Problems with a single compute node in KNA1

Incident Report for Cleura Public Cloud

Postmortem

The incident started: 13:05
Incident was solved: 13:55

Customer impact:
VMs running on the affected compute node was unreachable (Error state) until they were moved to a new compute node.

Timeline:
13:05 - One compute node crashed
13:13 - Server didn’t start again.
13:15 - Evacuation of affected VMs to other compute nodes started.
13:40 - Main part of VMs was moved and started again.
13:55 - All VMs was up and running on new compute nodes.

Root Cause:
The root cause for this incident was broken hardware. The affected server has been taken out of production for further investigation and repair.

Posted Oct 13, 2021 - 16:58 CEST

Resolved

This incident has been resolved.

Posted Oct 13, 2021 - 16:39 CEST

Update

We are continuing to monitor for any further issues.

Posted Oct 13, 2021 - 14:01 CEST

Monitoring

A fix has been implemented and we are monitoring the results.

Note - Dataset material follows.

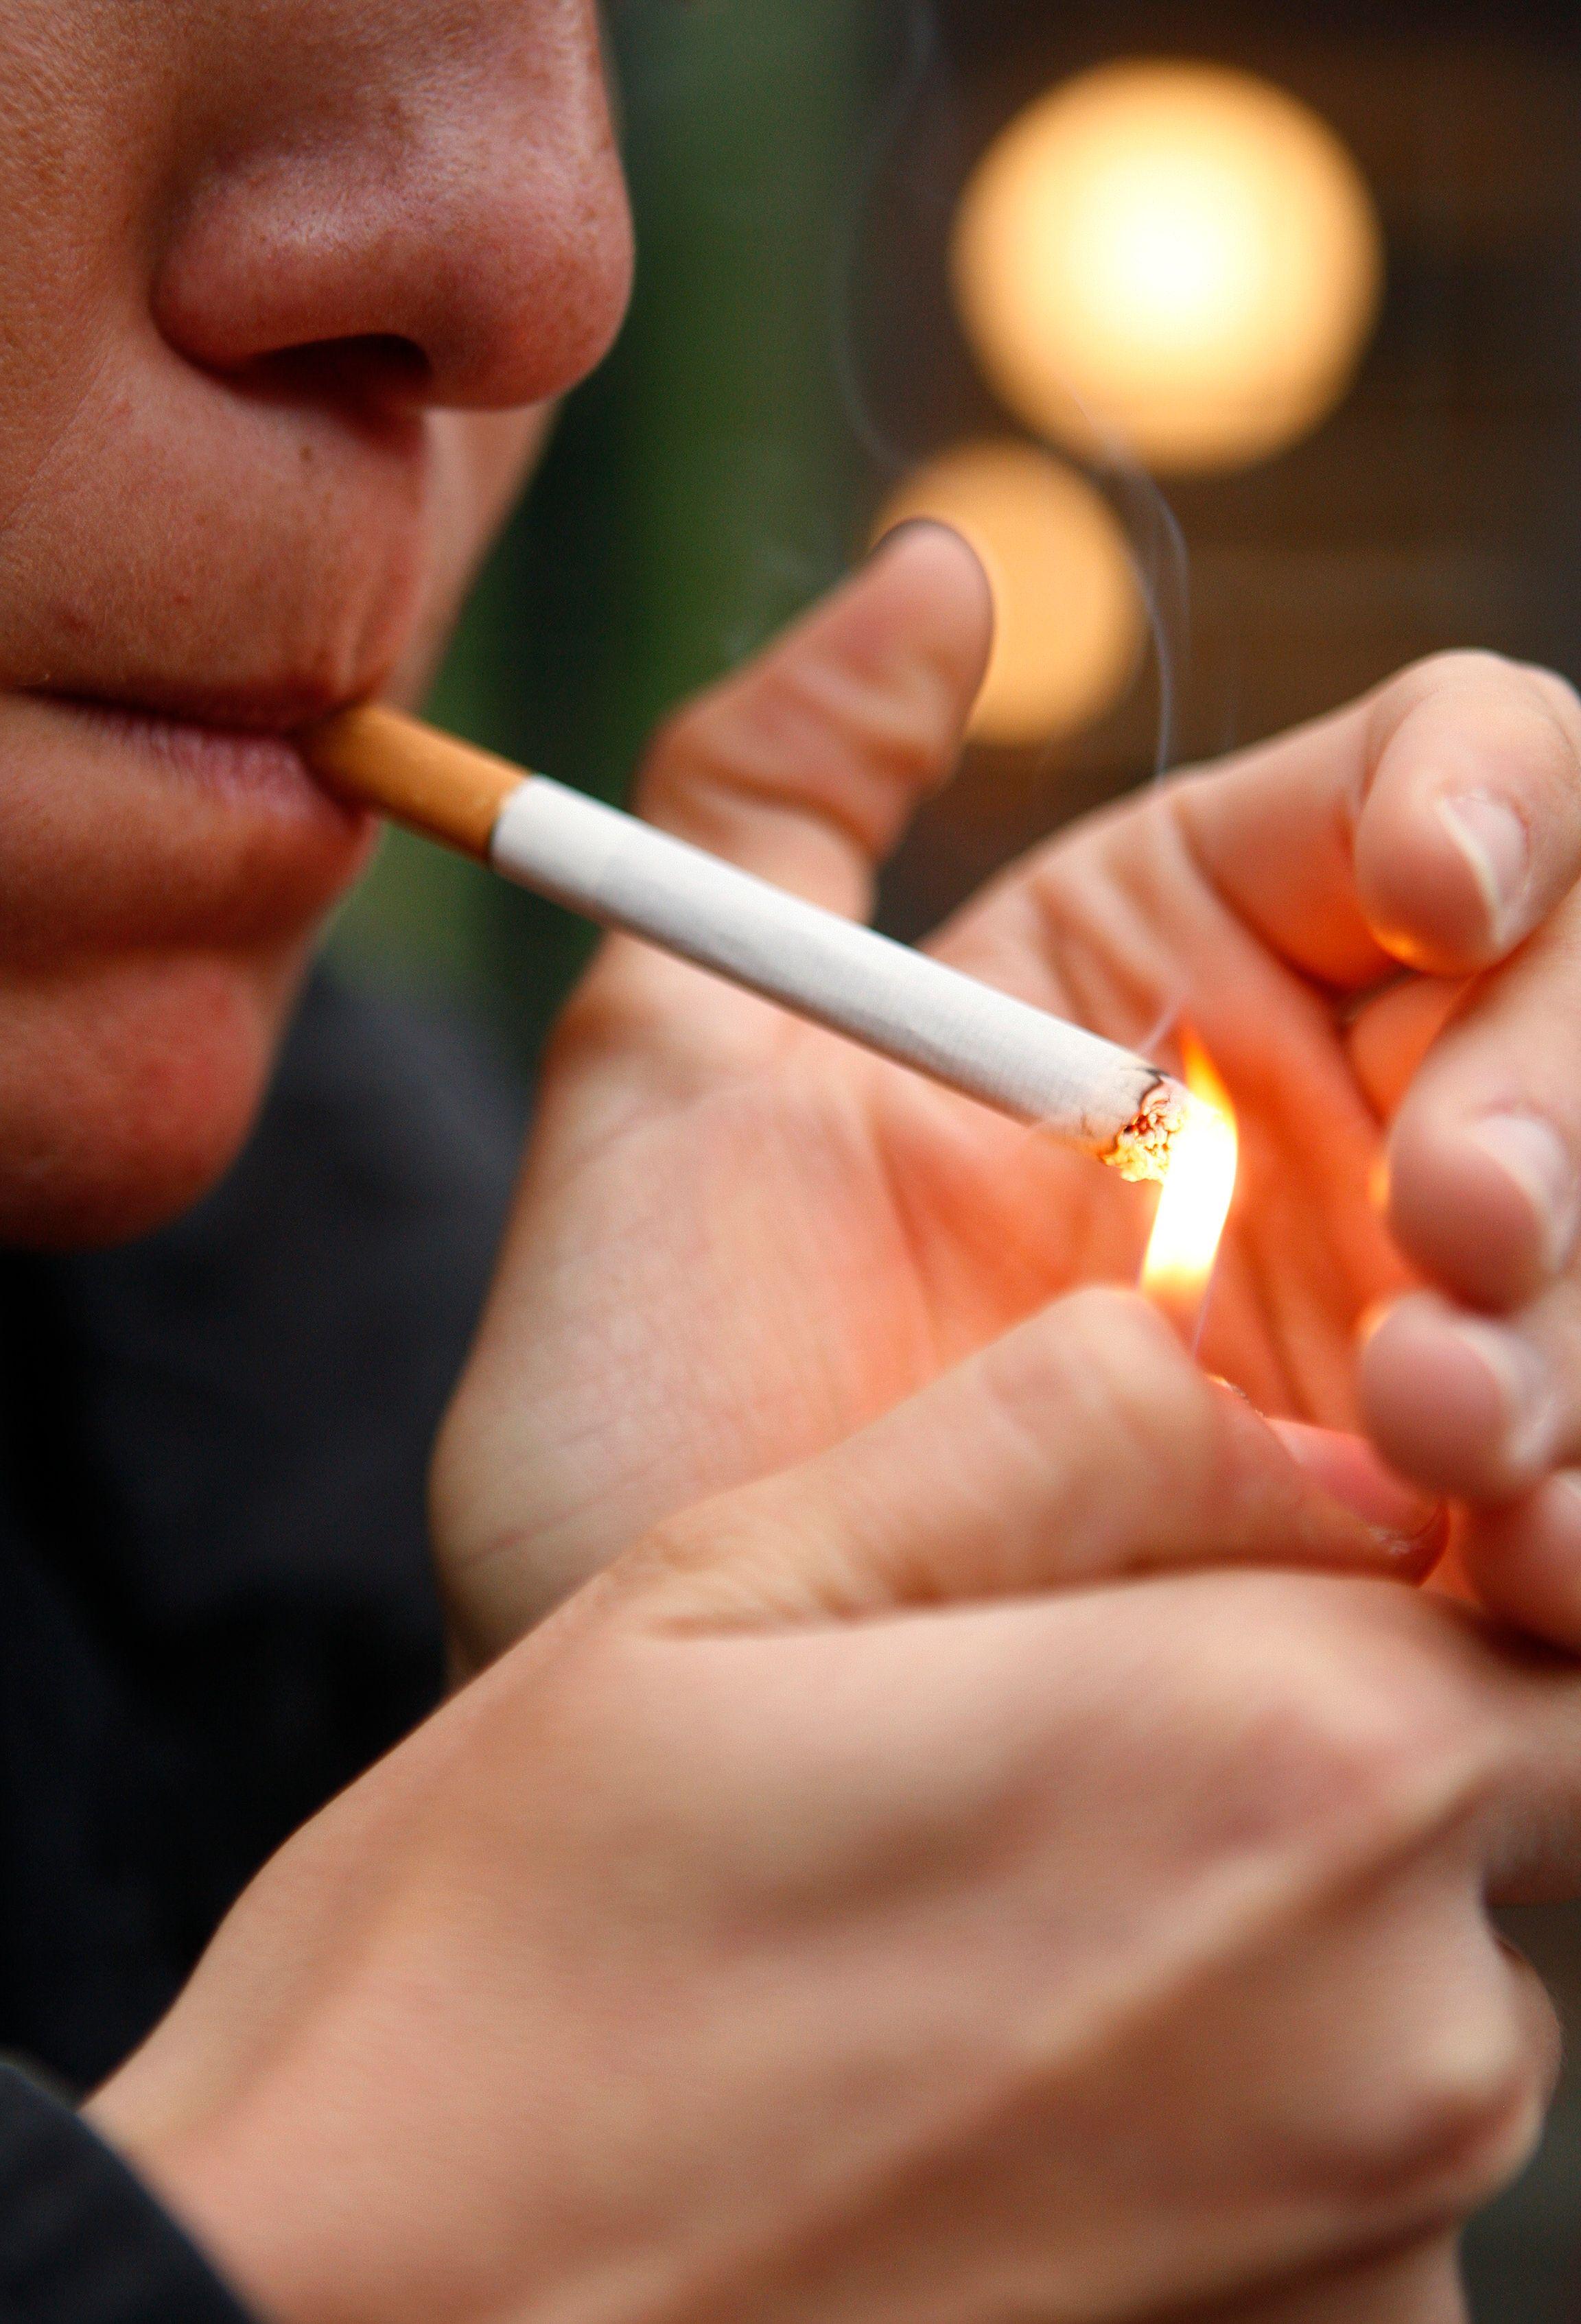 La lutte contre tabagisme, principal axe du plan cancer de François Hollande
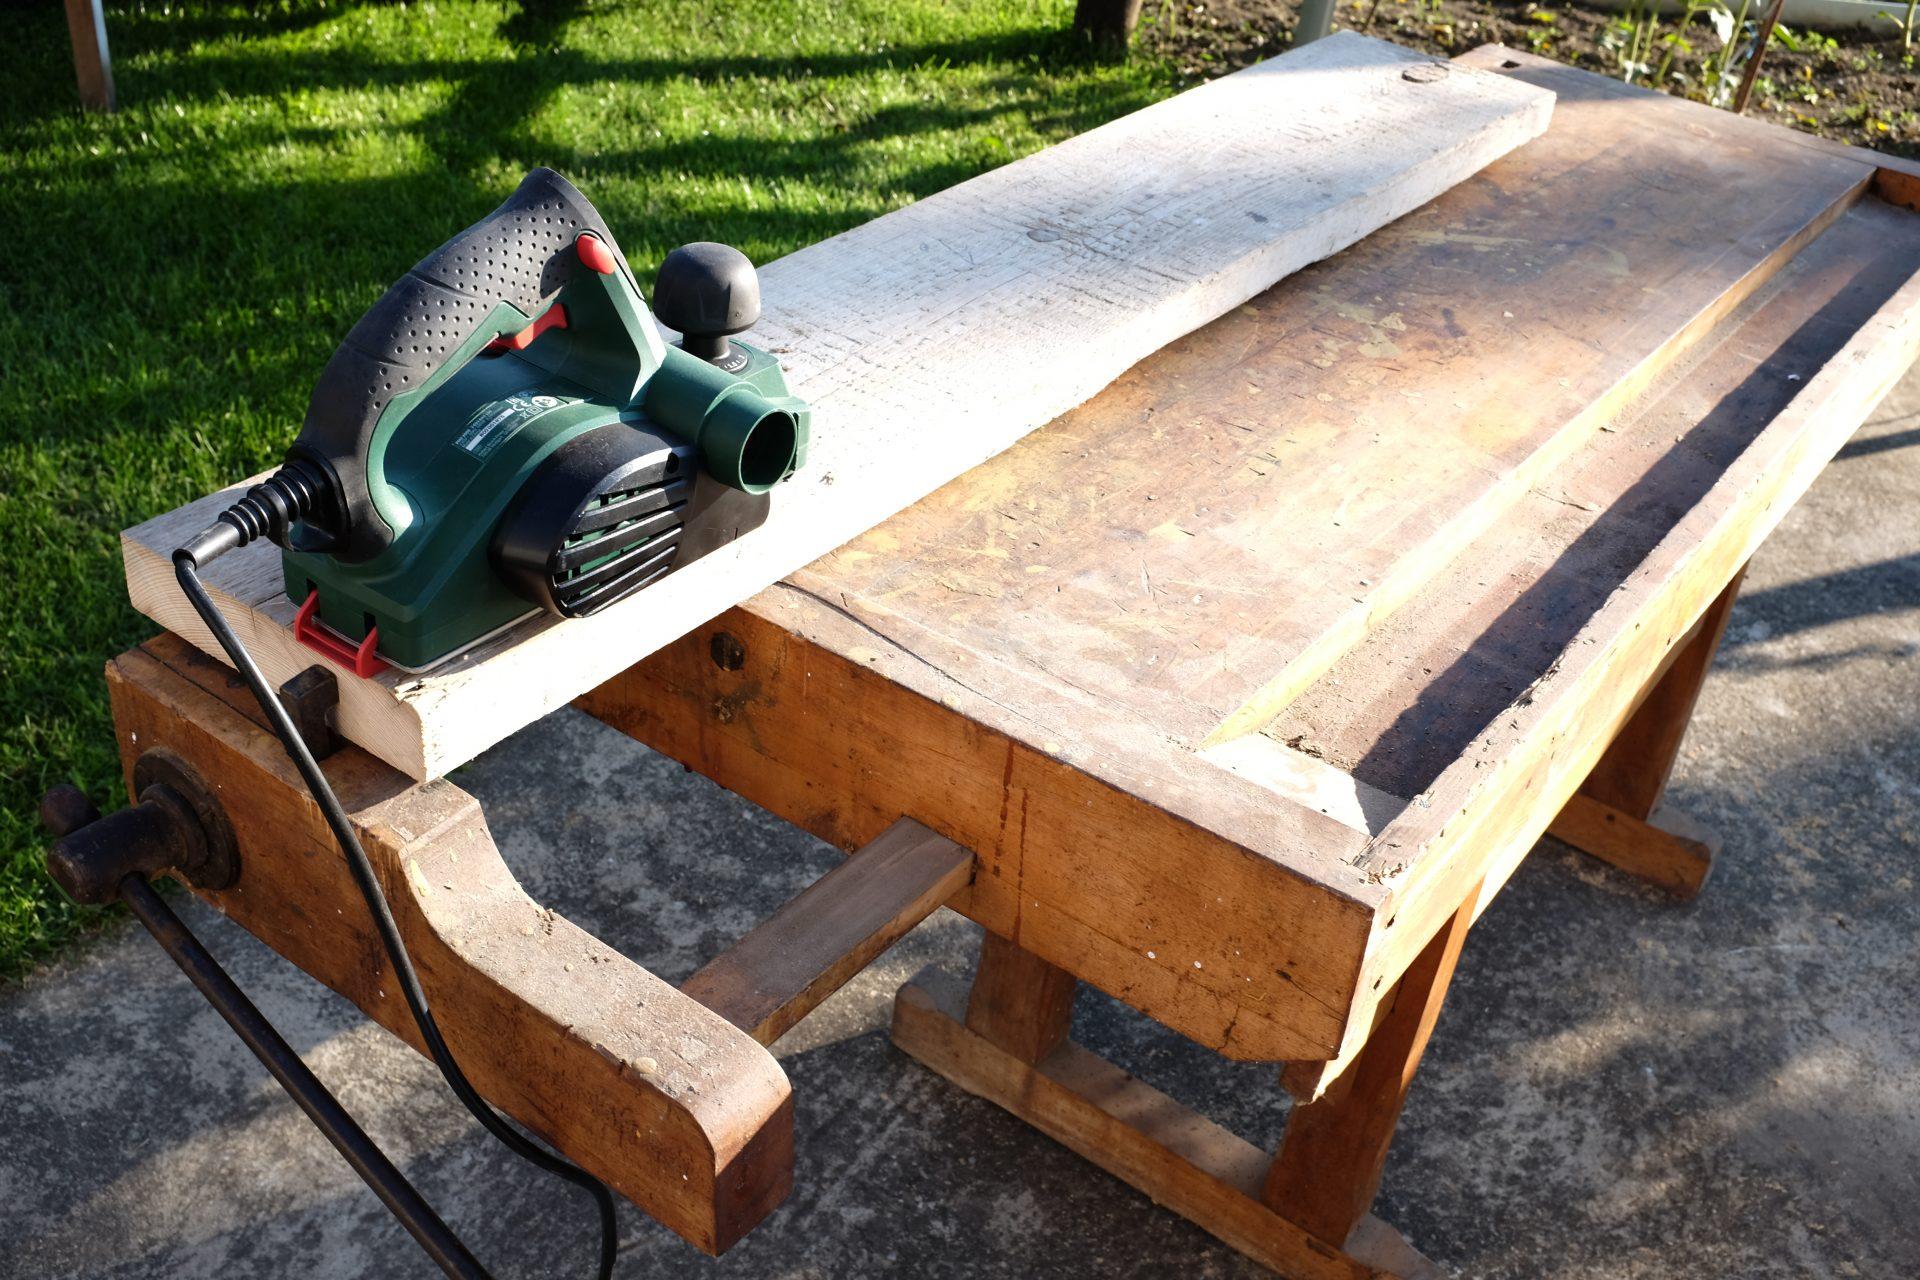 brusenie-drevene-dosky-vyroba-polic-pracovny-stol-zahrada

Posted Oct 13, 2021 - 13:56 CEST

Identified

The issue has been identified and a fix is being implemented.

Posted Oct 13, 2021 - 13:42 CEST

Investigating

Our Engineering team is investigating an issue with a single compute node in Karlskrona region (KNA1).

During this time, the limited amount of users with virtual instances on the actual compute node may experience issues with virtual instances. We apologize for the inconvenience and will share an update once we have more information.

Posted Oct 13, 2021 - 13:17 CEST

This incident affected: KNA1 (Karlskrona) (Compute).